→ EXERCISE GOAL:
Go to the line with "White Yamaha Baby" in the material below and copy from there through the line with "Minecraft - Grass iPhone 11", exactly. Pictures are not copied.

→ LISTED RECORDS:
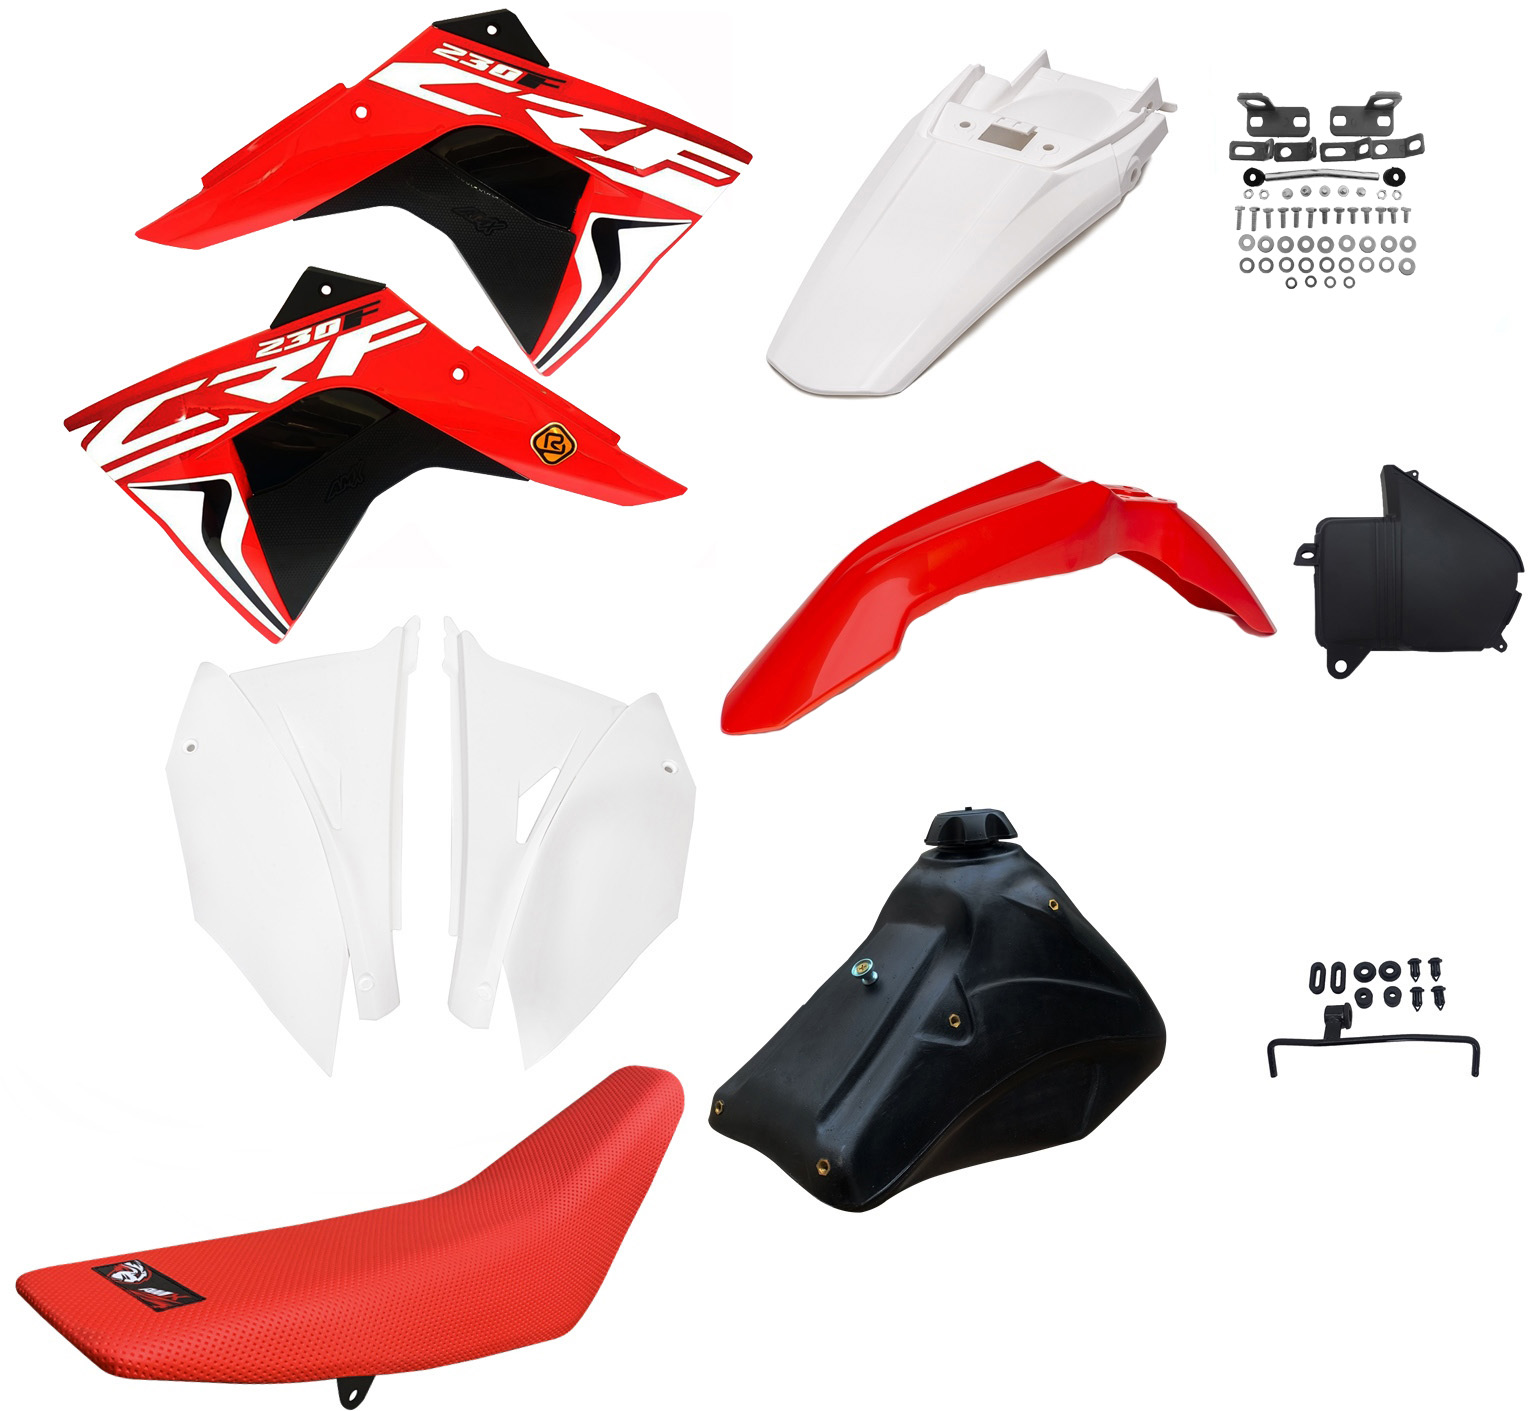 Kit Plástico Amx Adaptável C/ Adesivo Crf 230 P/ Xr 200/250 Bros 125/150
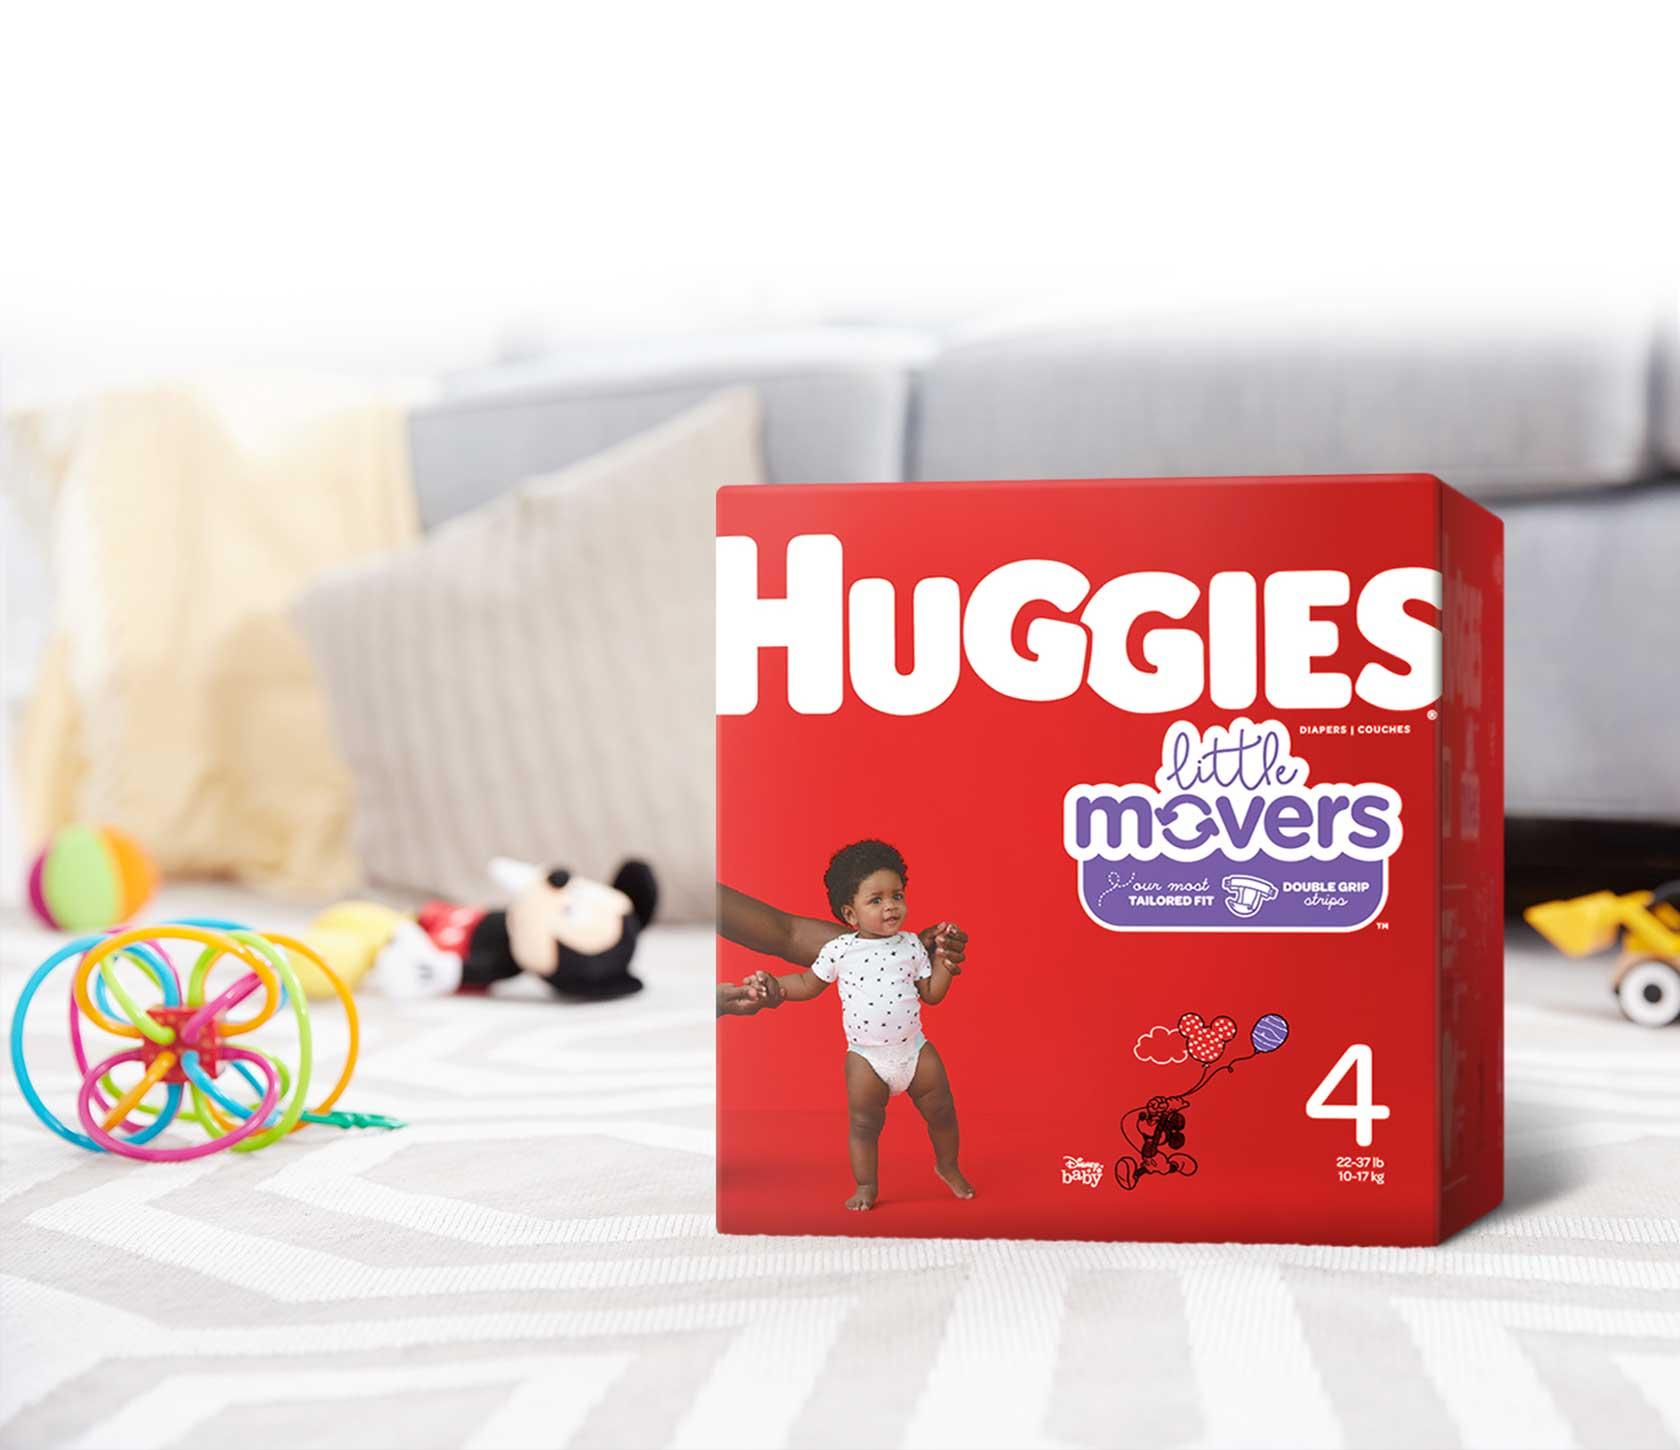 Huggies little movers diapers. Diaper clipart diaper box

==

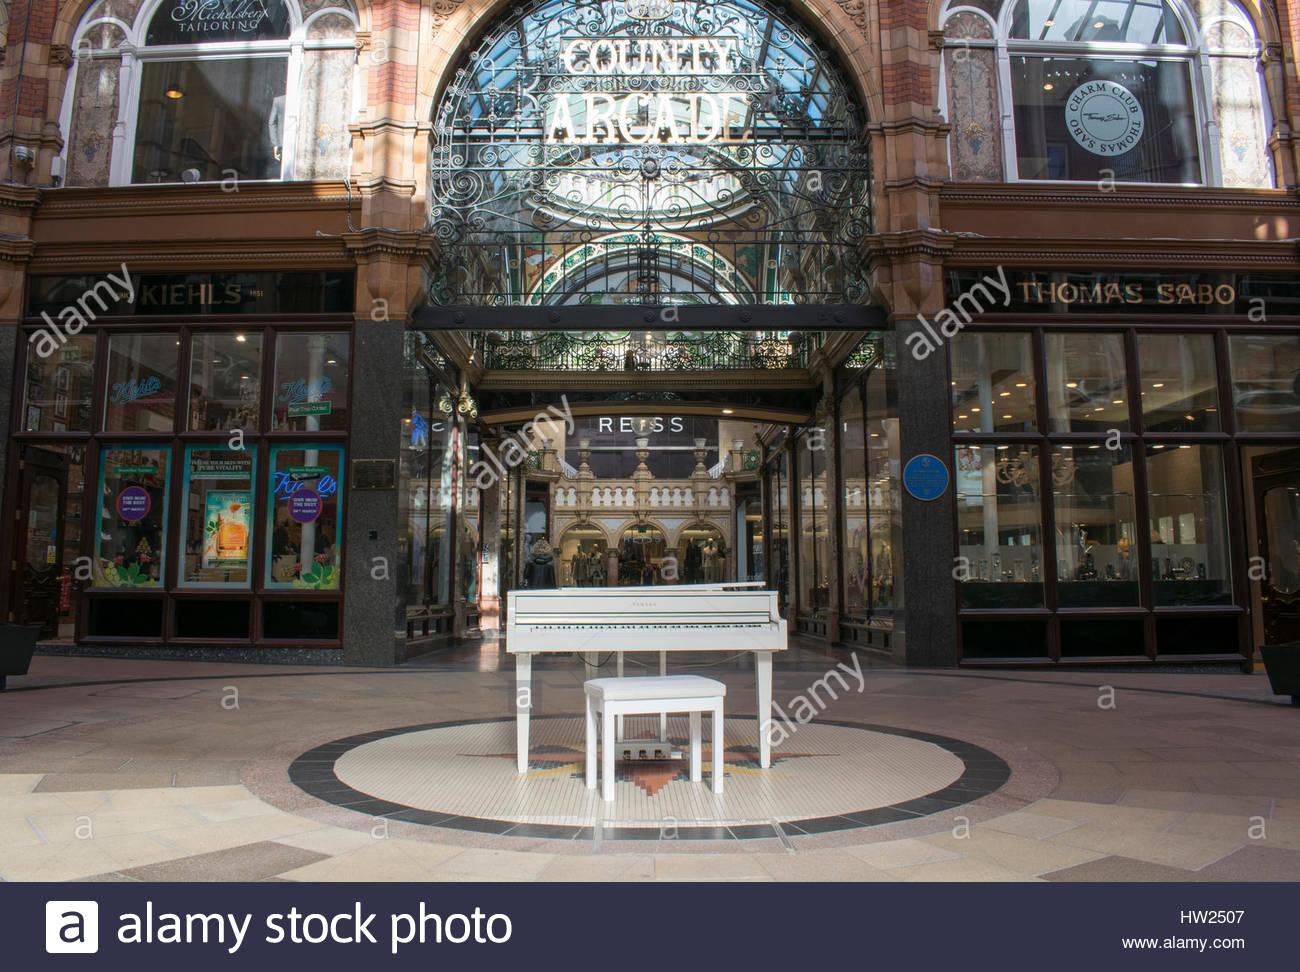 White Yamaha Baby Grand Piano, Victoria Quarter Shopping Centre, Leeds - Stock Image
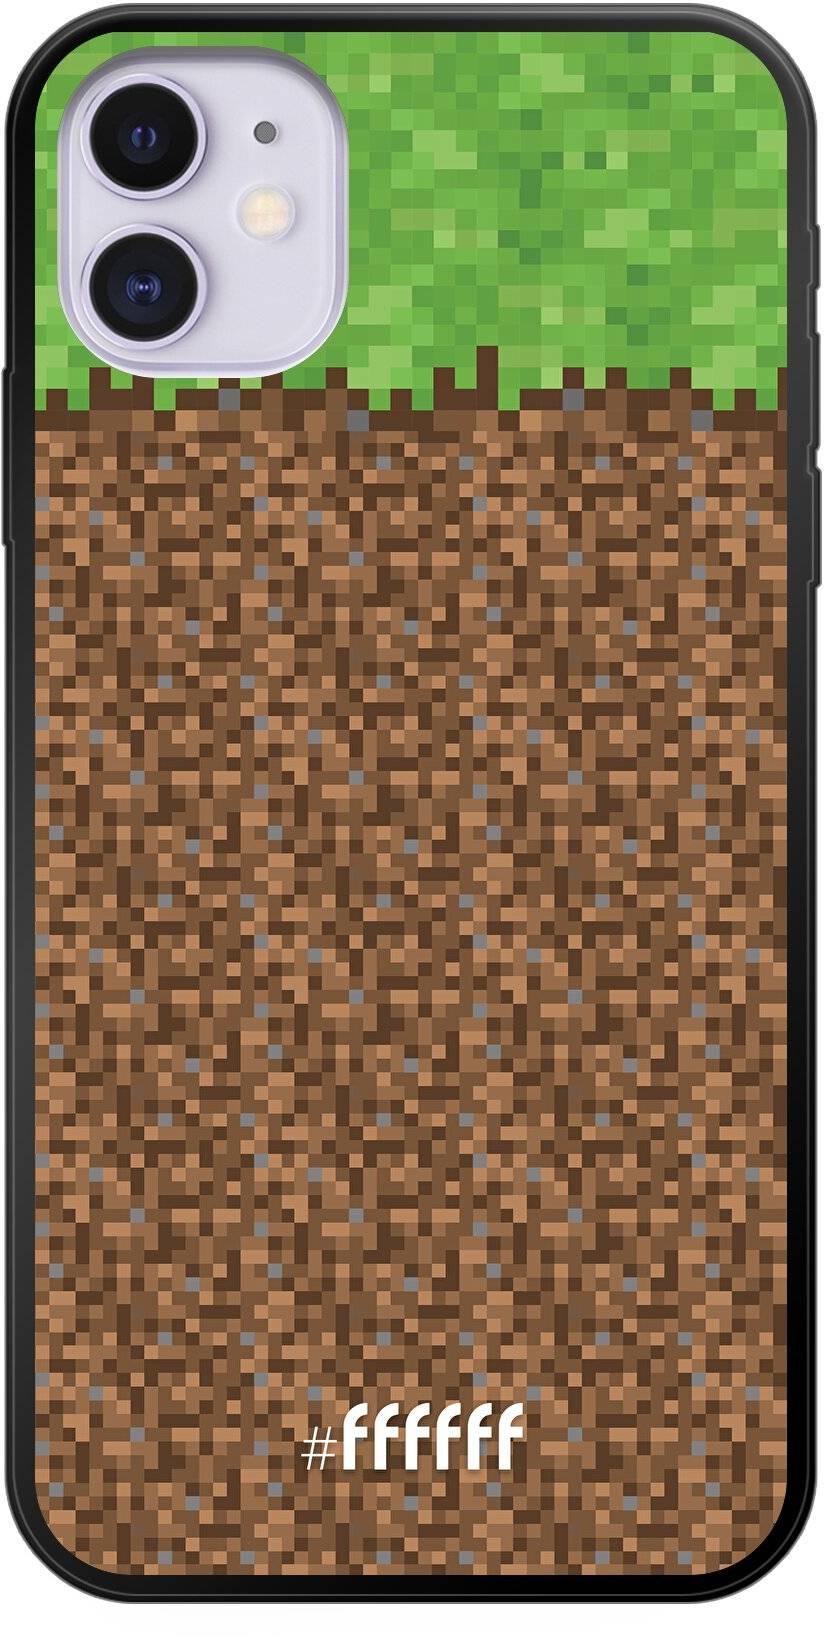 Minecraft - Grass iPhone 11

→ WRITTEN REPLY:
 White Yamaha Baby Grand Piano, Victoria Quarter Shopping Centre, Leeds - Stock Image
 Minecraft - Grass iPhone 11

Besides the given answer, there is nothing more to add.